No es un dato menor. Que una película latinoamericana acceda a la distribución de una de las denominadas majors implica que esa compañía transnacional encuentra en el film no sólo una realización con un standard técnico equivalente al de una producción de Hollywood, sino también un lenguaje cinematográfico afín, capaz de captar un público lo suficientemente amplio como para justificar las amplias bocas de salida de las que dispone en las salas de los centros comerciales. Este dato de la realidad, sin embargo, no debe llevar a engaño: en su brutal descripción de la violencia como forma de vida cotidiana, Ciudad de Dios no puede considerarse una película fácil, ni necesariamente complaciente. Pero es en el modo, en la manera de representar esa violencia que pueden hacerse las mayores objeciones al film.
No se le puede negar a Ciudad de Dios el virtuosismo de sus elipsis narrativas y la compleja estructura coral con que da cuenta de las vidas
–y las muertes– de un grupo de amigos de la infancia que, a medida que la década del ‘60 va dejando paso a la del ‘70 y luego a la del ‘80, se van convirtiendo en peligrosísimos malandras (salvo Buscapé, un muchacho que tiene la responsabilidad de ser el narrador del film y que hará de la fotografía su salvoconducto para salir de ese infierno con nombre celestial). Pero la estética claramente tributaria del videoclip y de la MTV con que Ciudad de Dios va haciendo progresar vertiginosamente su trama, amenaza una y otra vez con banalizar aquello que dice ser objeto de su preocupación.

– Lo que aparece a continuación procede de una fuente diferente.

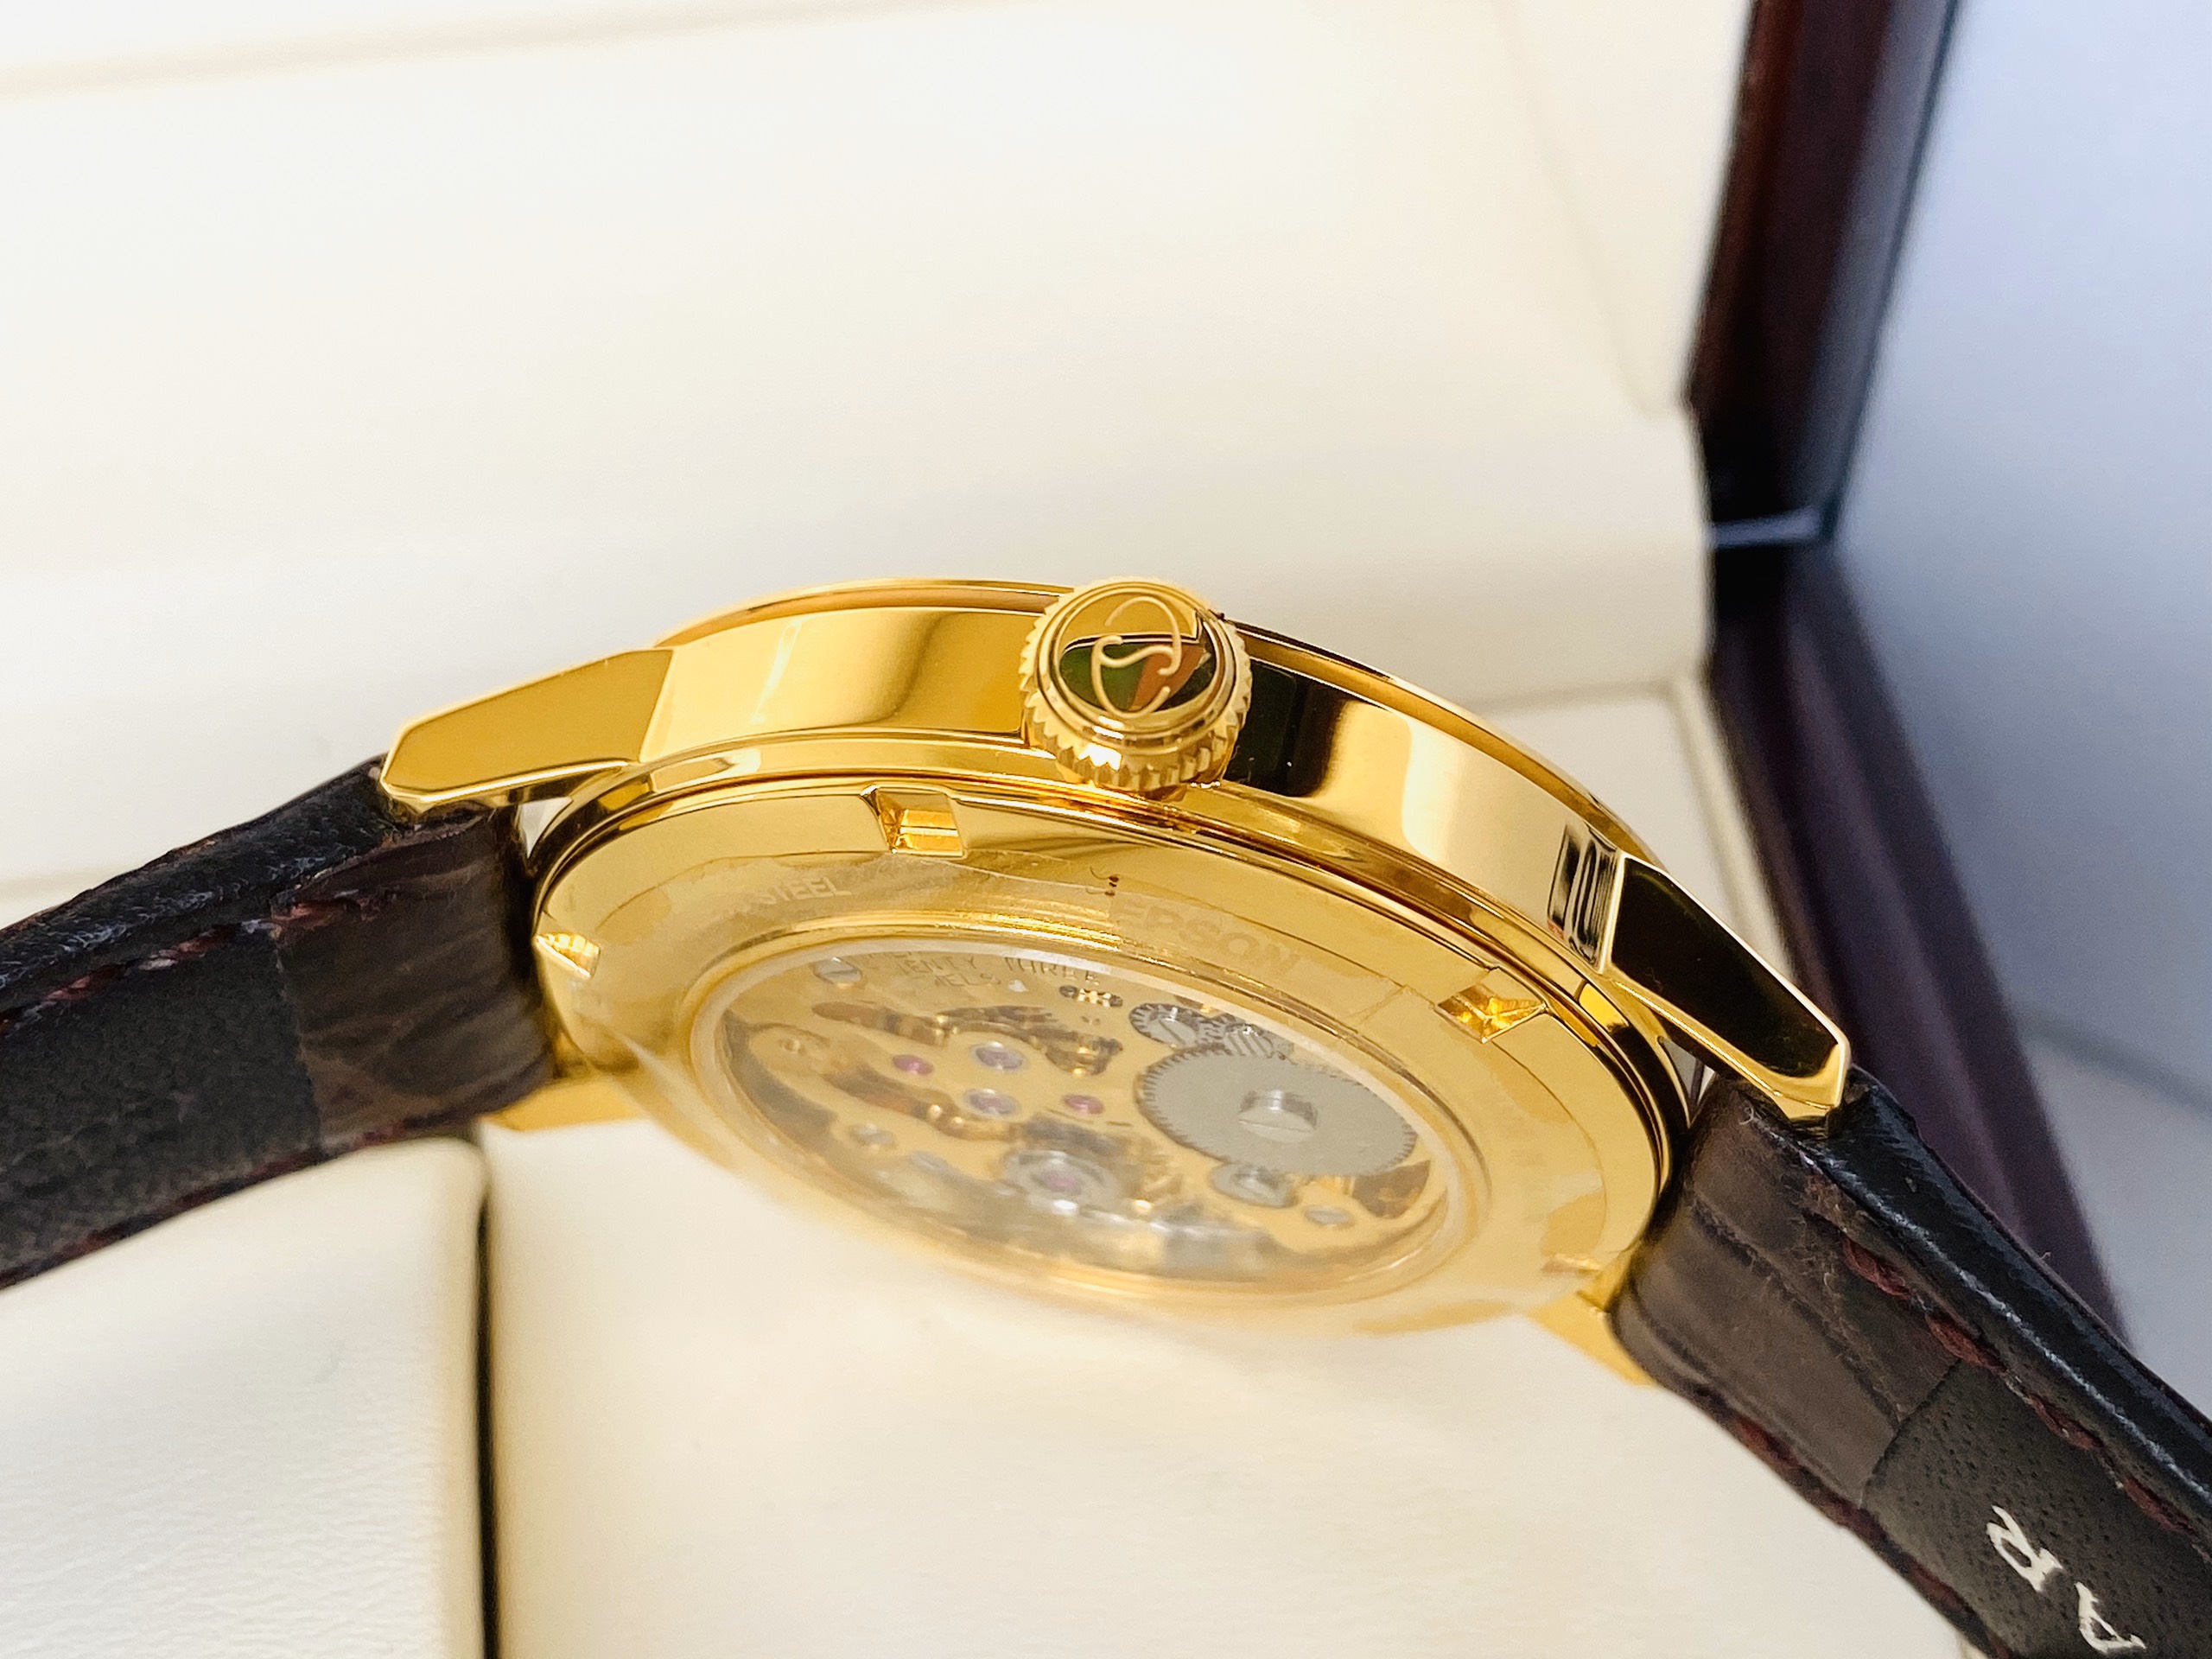 Đồng hồ ORIENT STAR Skeleton WZ0031DX Watch Japan
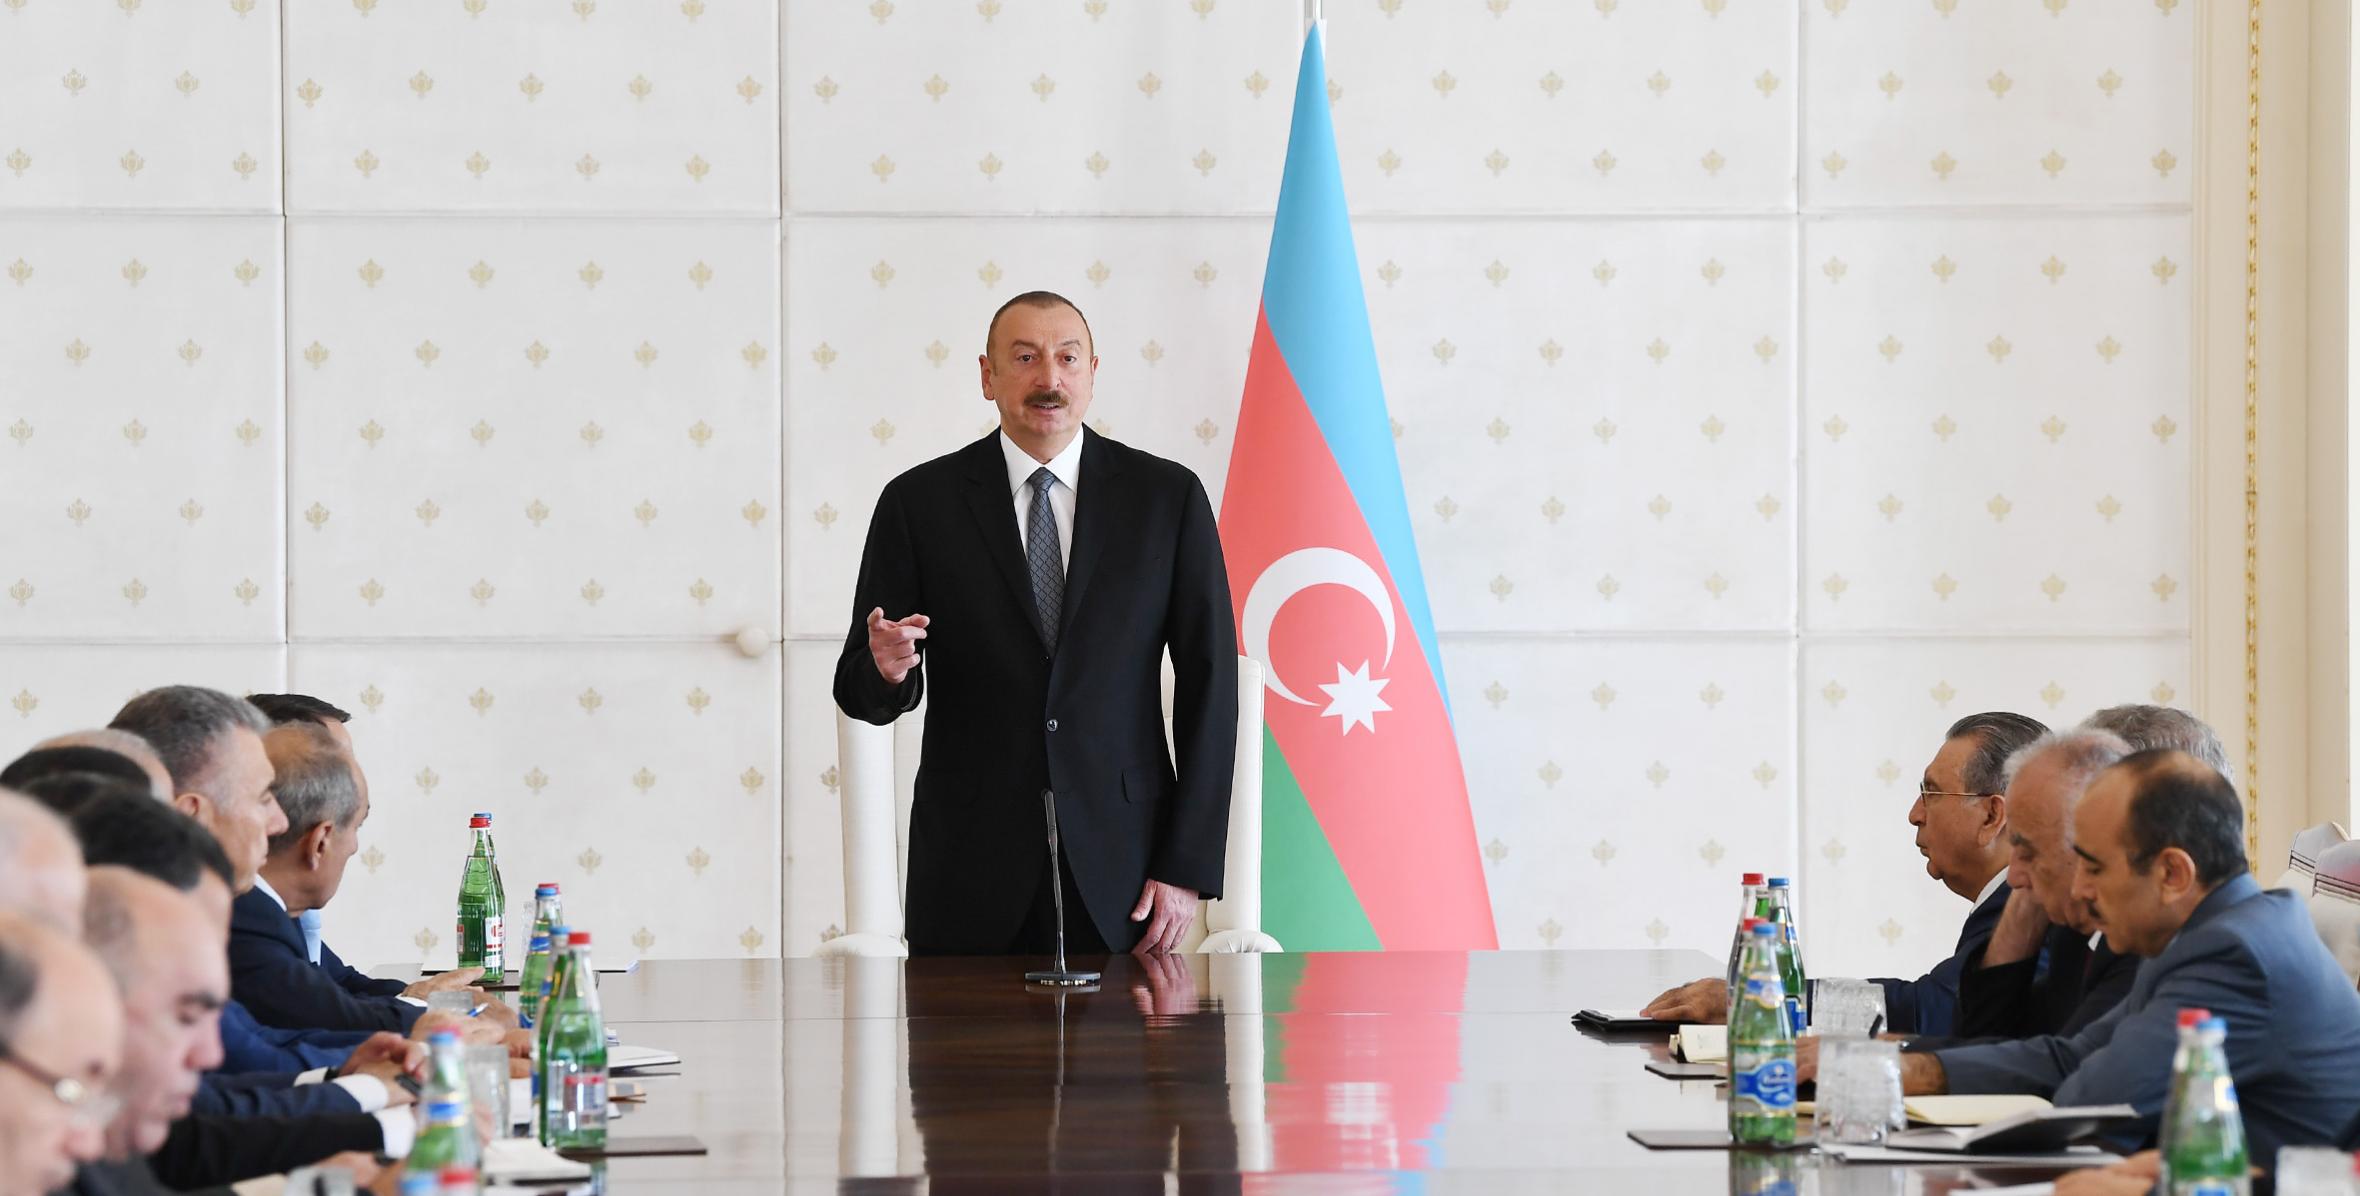 Вступительная речь Ильхама Алиева на заседание Кабинета Министров, посвященное итогам социально-экономического развития в первой половине 2018 года и предстоящим задачам

No todos piensan lo mismo, por supuesto. Para el crítico brasileño Carlos Alberto Mattos, “Meirelles y Lund se exponen al escarnio de la crítica por abrazar un lenguaje estrictamente moderno, que hace largo uso del aparato cinematográfico universal (inclusive Scorsese, Tarantino, etc.) para ampliar el alcance emocional y descriptivo de su cine”. Para Mattos, si los directores “no fuesen tan competentes no suscitarían reacciones tan estridentes. Estarían más conformes con la expectativa de un cine más humilde, sufrido y, ahí sí, comprometido”.
En el otro extremo, la investigadora Ivana Bentes, creadora de la expresión cosmética da fome (cosmética del hambre) para designar la moda de la estetización de la miseria en el cine brasileño, apuntó que “vivimosun momento de fascinación por ese otro social, en que los discursos de los marginalizados comienzan a ganar un lugar en el mercado”. En un demoledor artículo publicado en el periódico O Estado de Sao Paulo, titulado “Cidade de Deus promove turismo no inferno”, Bentes reconoce que “se trata sin duda de un film-marco y es realmente importante, por relatar la historia moderna del tráfico (de drogas) en Brasil, pero su narrativa tiene otras implicancias”. Para Bentes, “Cidade de Deus es un film-síntoma de la reiteración de un pronóstico social siniestro: el espectáculo de consumo de los pobres matándose entre sí (...) Ahora somos capaces de producir y hacer circular nuestros propios clichés, en los que negros saludables y relucientes y con un arma en la mano no consiguen tener ninguna otra buena idea que el exterminio mutuo”.